In order to support incremental upgrades of unsecured pinot clusters towards TLS, we introduce multi-ingress support via listeners. Each listener accepts connections for a specific protocol on a specific port. For example, pinot-broker may be configured to accept both, http on port 8099 and https on port 8443 at the same time.
Existing configuration properties such as controller.port
are still parsed and automatically translated to a http listener configuration to enable full backwards-compatibility. TLS-secured ingress must be configured through the new listener specifications.

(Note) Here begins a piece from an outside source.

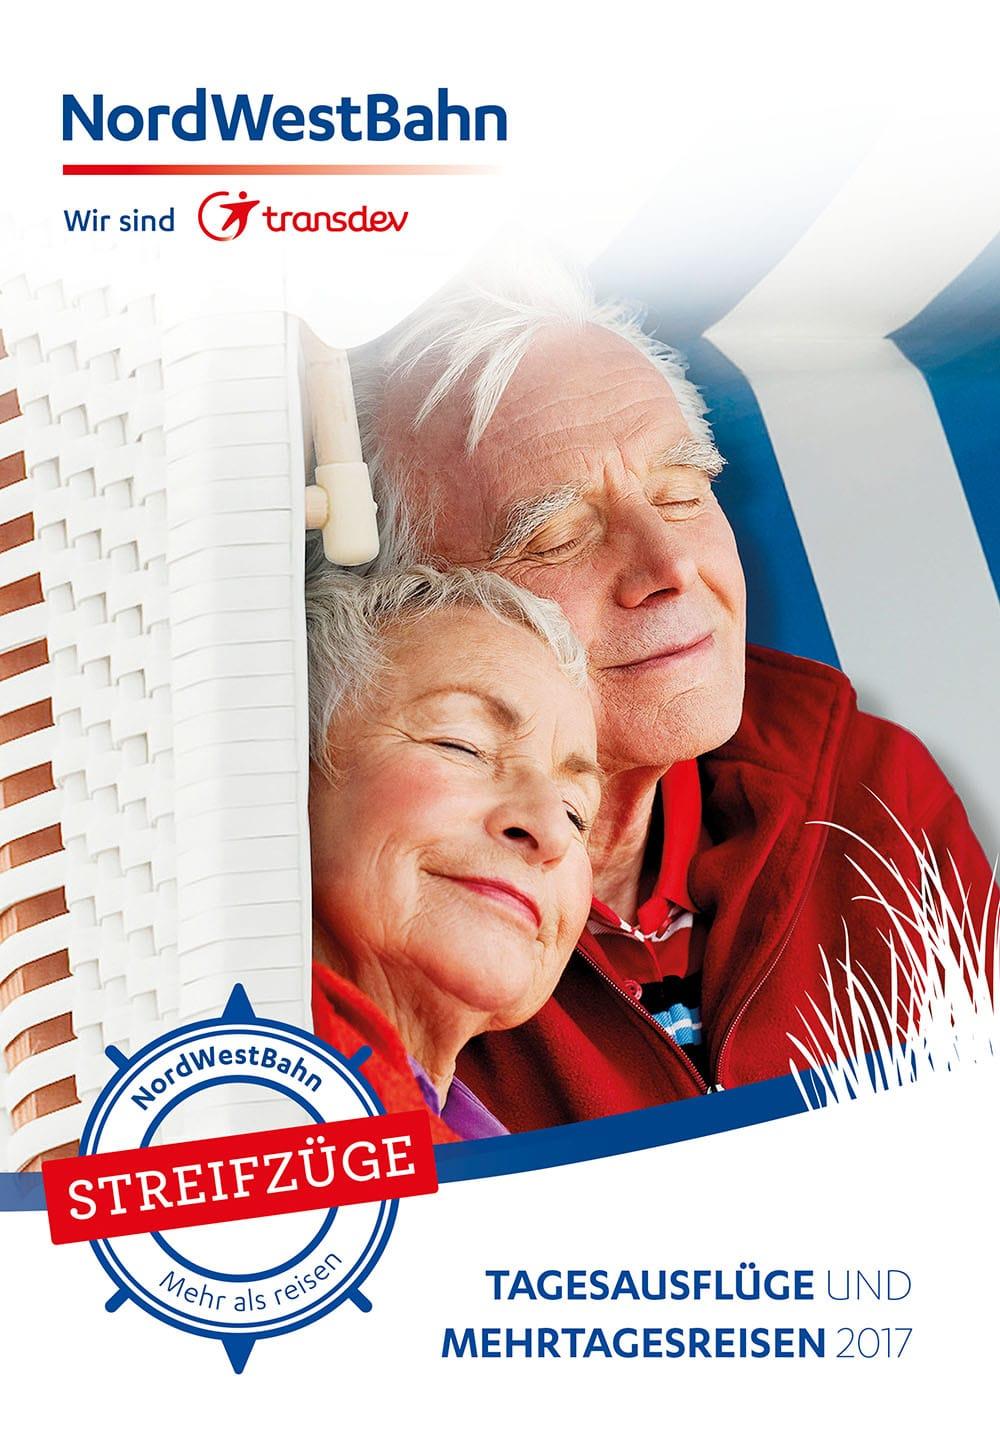 Grafikdesign - Nordsee-Reiseprogramm der NordWestBahn Osnabrück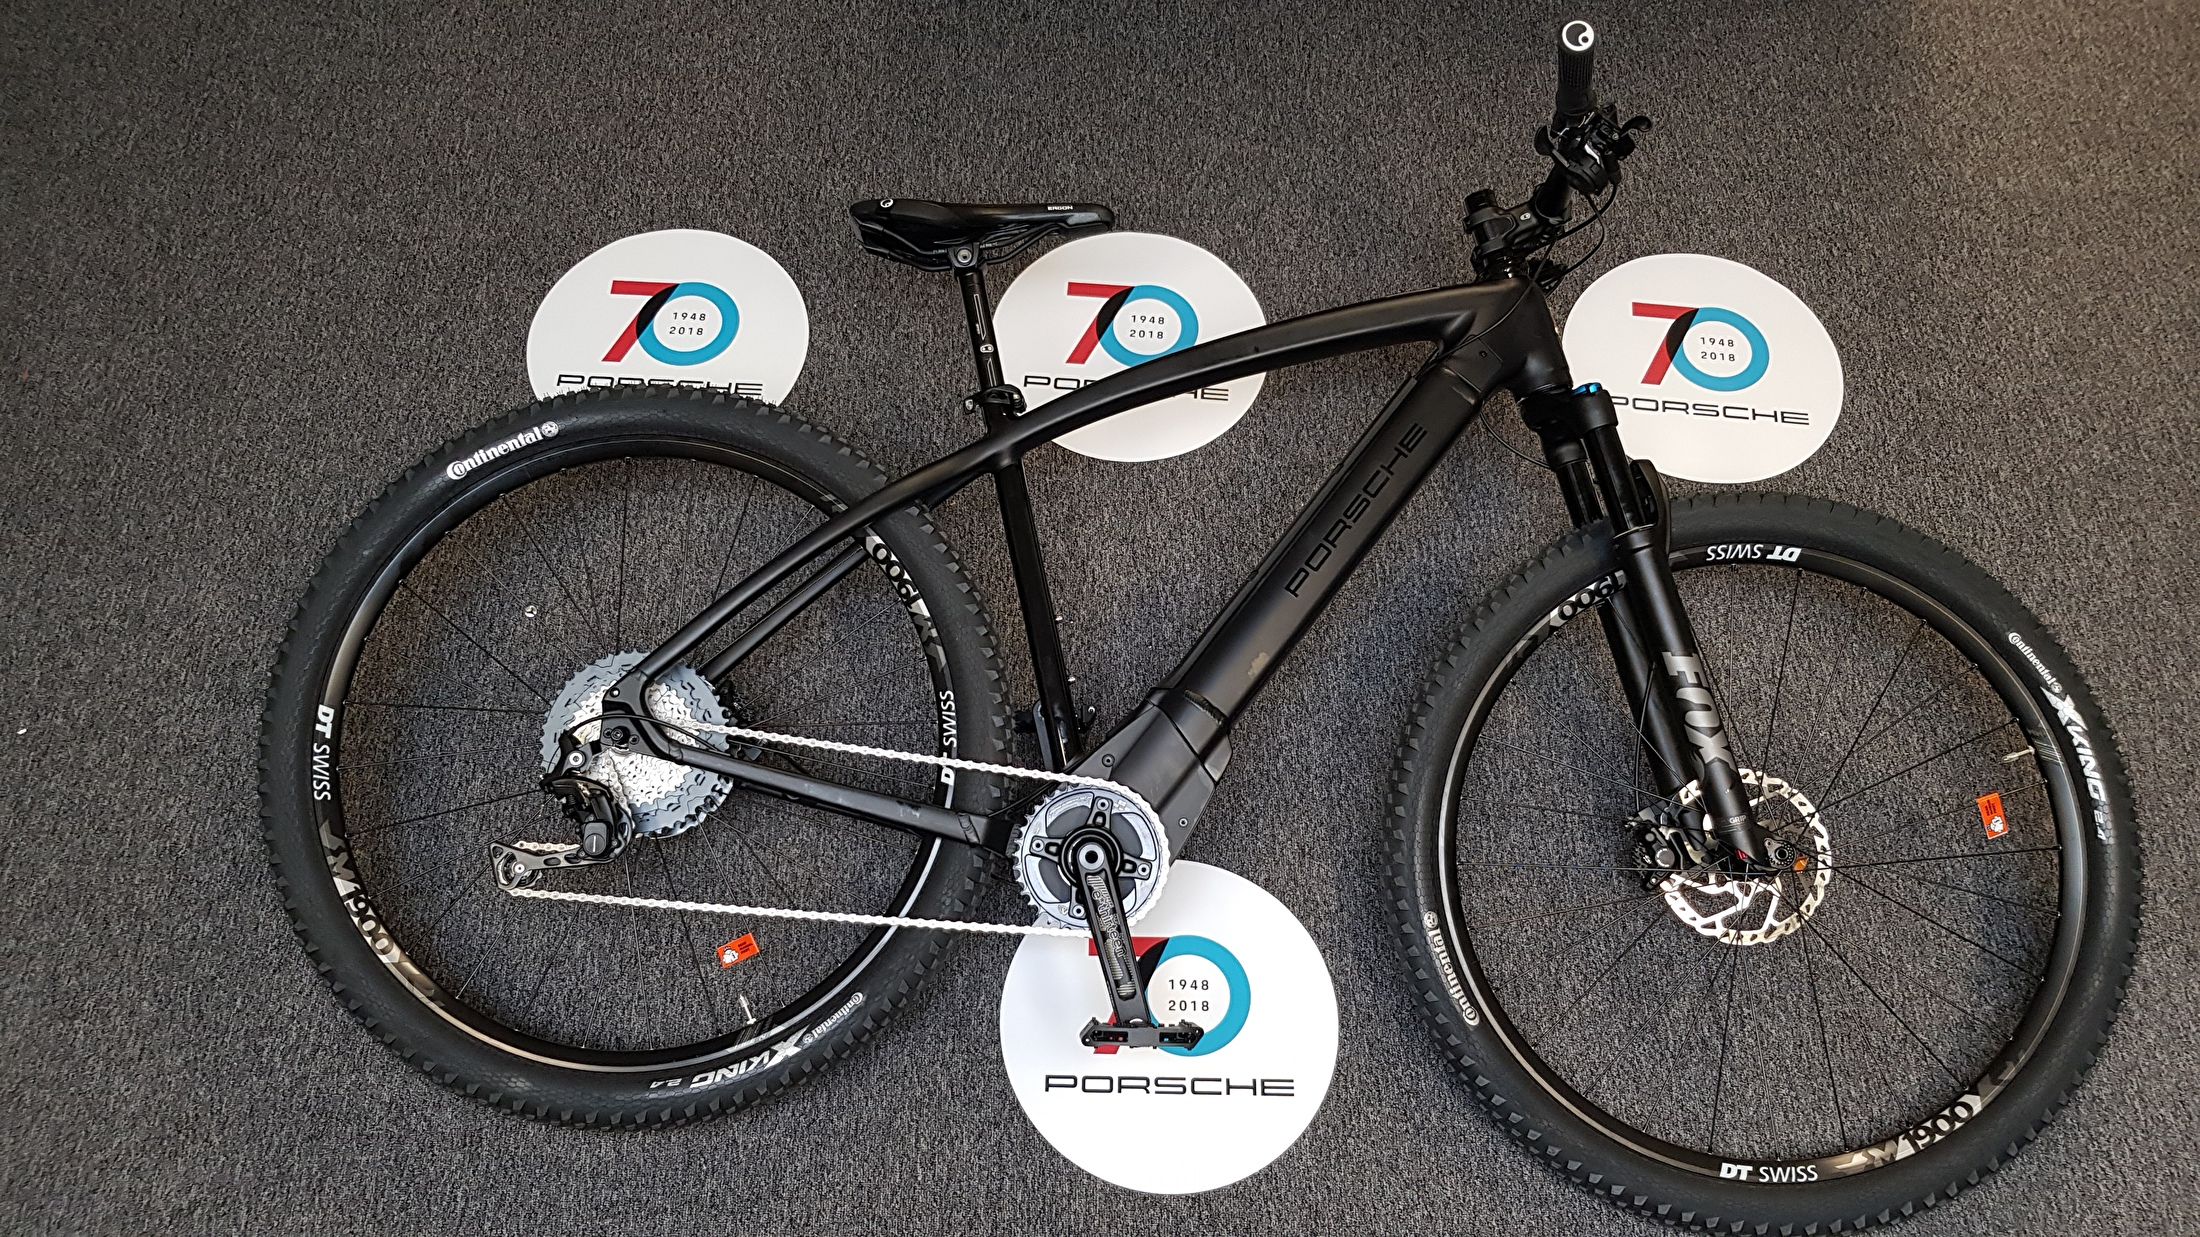 PORSCHE E-Bike MTB Rotwild Limited Edition 70 Jahre.

If you're bootstrapping a cluster from scratch, you can directly configure TLS-secured connections and you can forgo legacy http ingress. If you're upgrading an existing (production) cluster, you'll be able to perform the upgrade without downtime if your deployment is configured for high-availability.
On a high level, a zero-downtime upgrade includes the following 3 phases:
adding a secondary TLS-secured ingress to pinot controllers, brokers, and servers
switching client and internode egress to prefer TLS-secured connections
disabling unsecured ingress
This requires a rolling restart of (replicated) service containers after each re-configuration phase. The sample listener specifications below will guide you through this process.
Apache Pinot leverages the JVM's native TLS infrastructure with all its benefits and limitations. Certificates should be generated to include the host IP, hostname, and fully-qualified domain names (if accessed or identified this way).
We support both, the JVM's default key/truststore, as well as configuration options to load certificates from secondary locations. Note, that some connector plugins require the default truststore to contain any trusted certs since they do not parse pinot's configuration properties for external truststores.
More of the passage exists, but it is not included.